Supplied material:
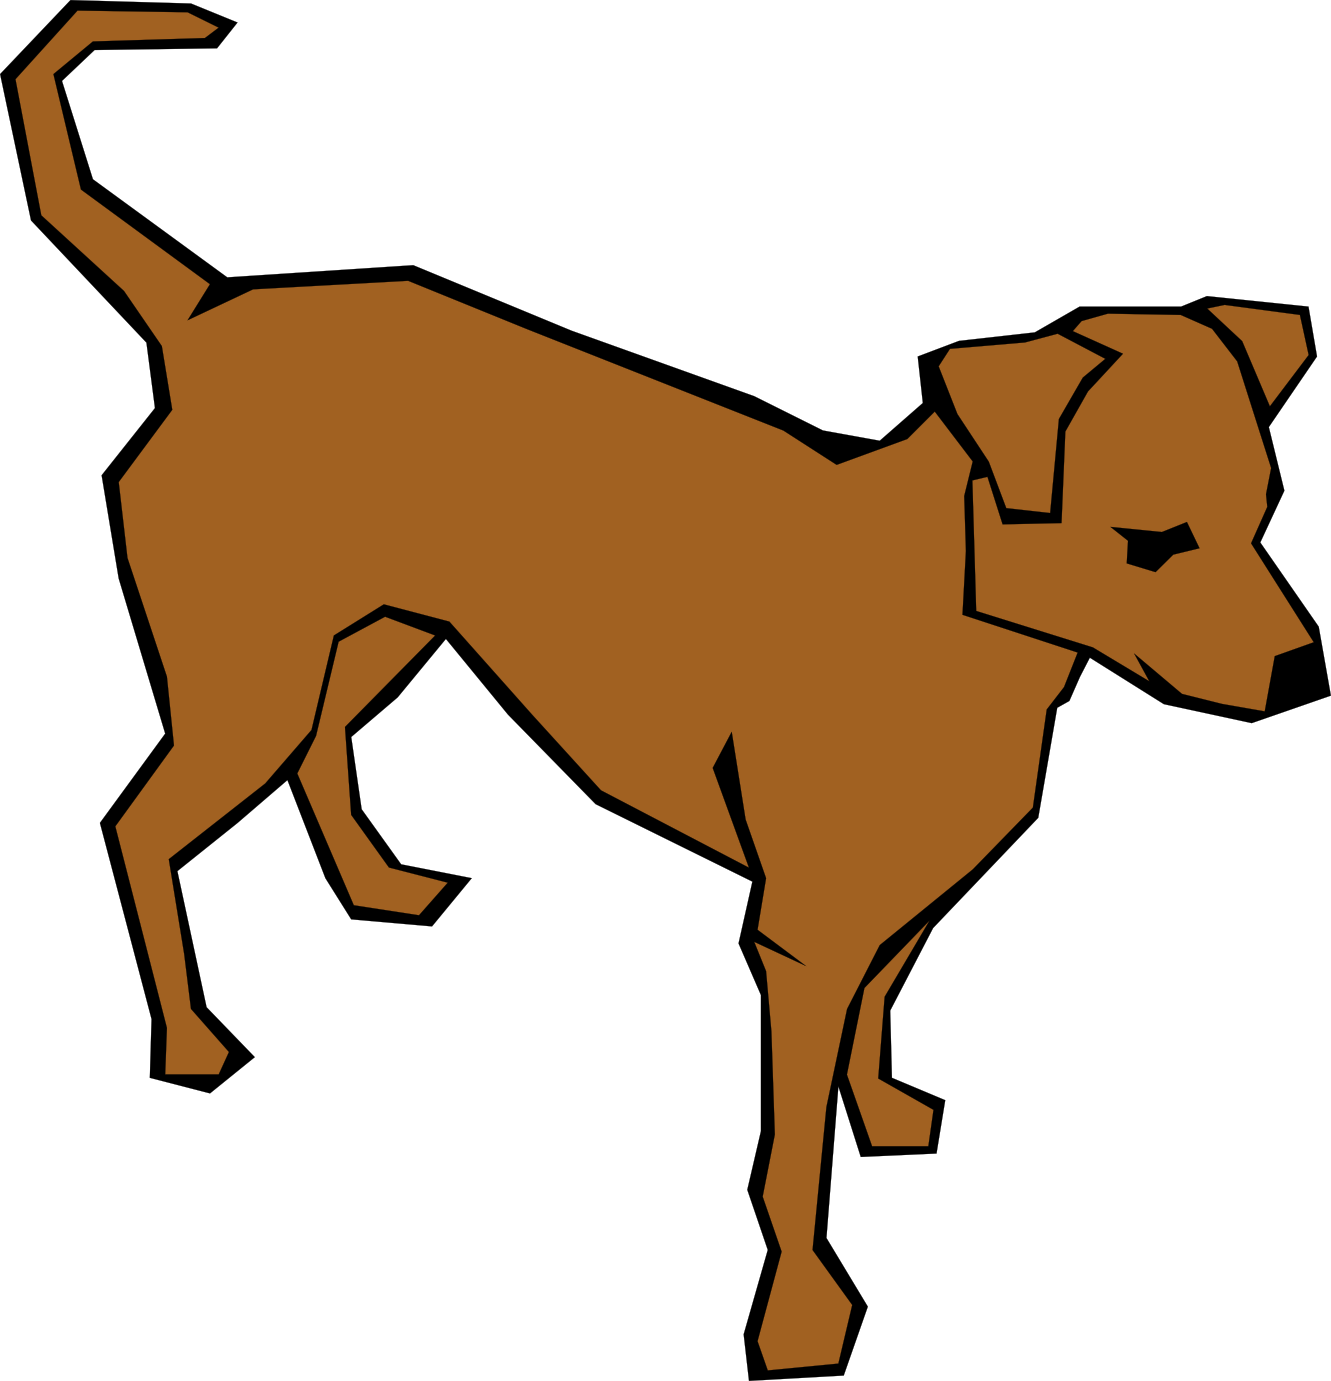 Simple Drawing Of Dog - ClipArt Best
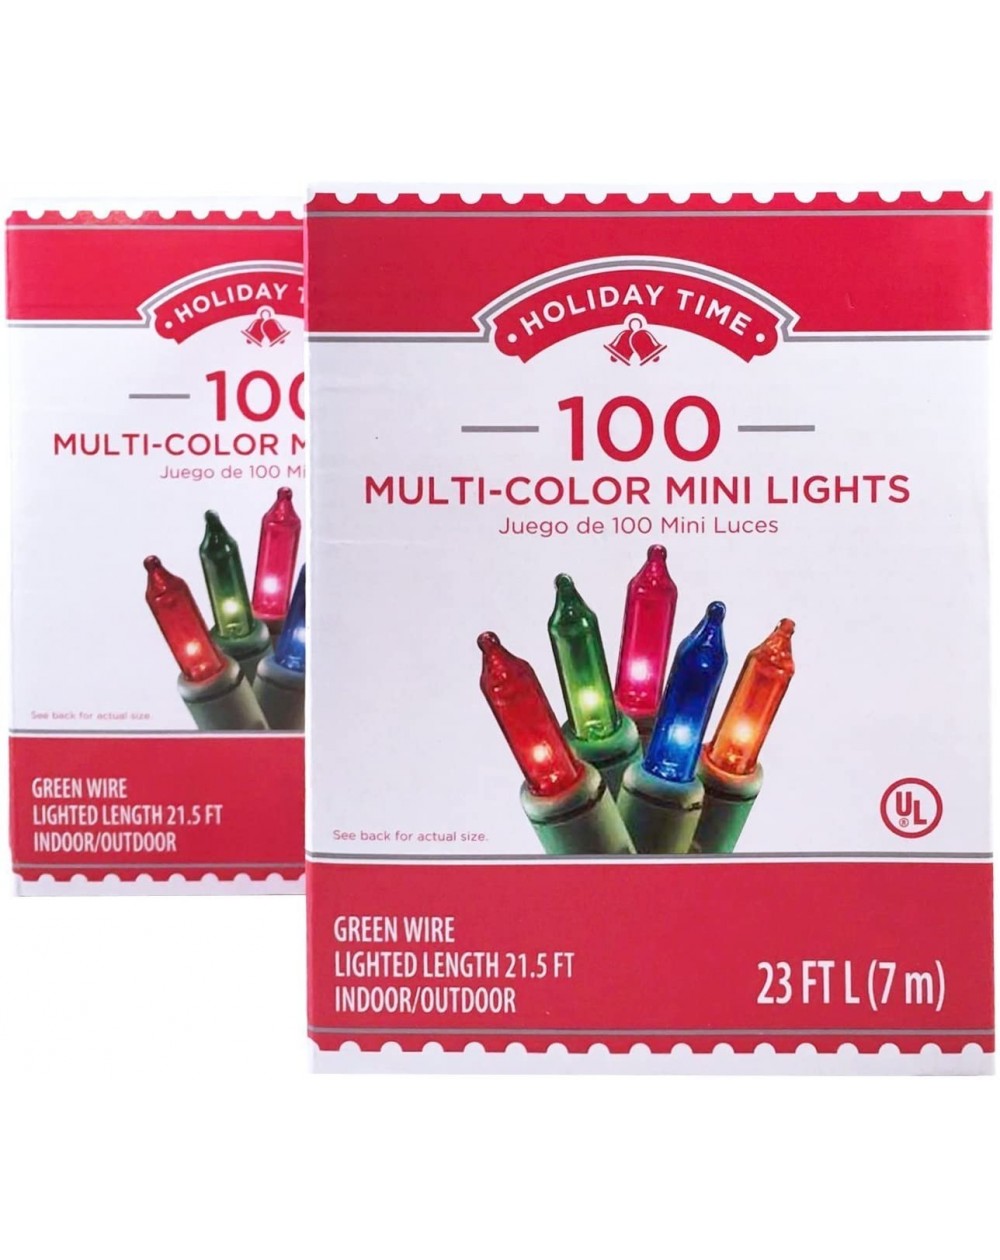 Outdoor String Lights 100 multicolor lights indoor/outdoor spare bulbs and fuses included - CP187I9OZ00 $16.52
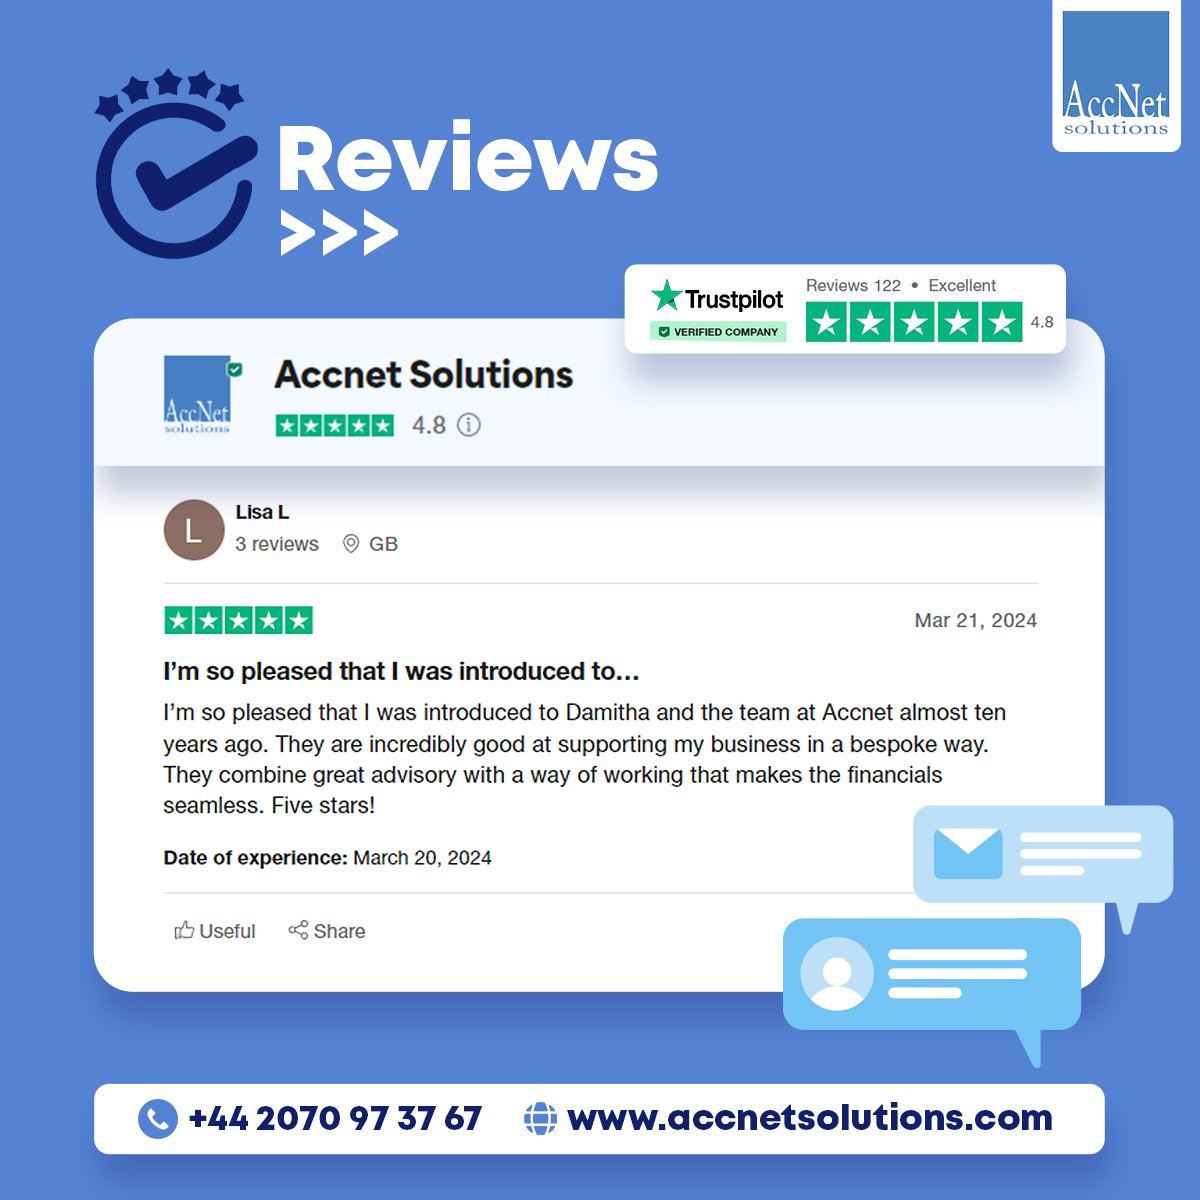 Join the satisfied clients who have experienced the excellence of AccNet Solutions for nearly a decade. 

Give us a try at AccNet on +44 2070 97 37 67

#ukpayroll #payingyourself #accounting #ukincometax #taxexpert #taxconsultant

Task objective: What you output must be exactly the lines from the line with "Join the satisfied" through the last line of the listing, pictures excluded.

Task answer:
 Join the satisfied clients who have experienced the excellence of AccNet Solutions for nearly a decade. 

Give us a try at AccNet on +44 2070 97 37 67

#ukpayroll #payingyourself #accounting #ukincometax #taxexpert #taxconsultant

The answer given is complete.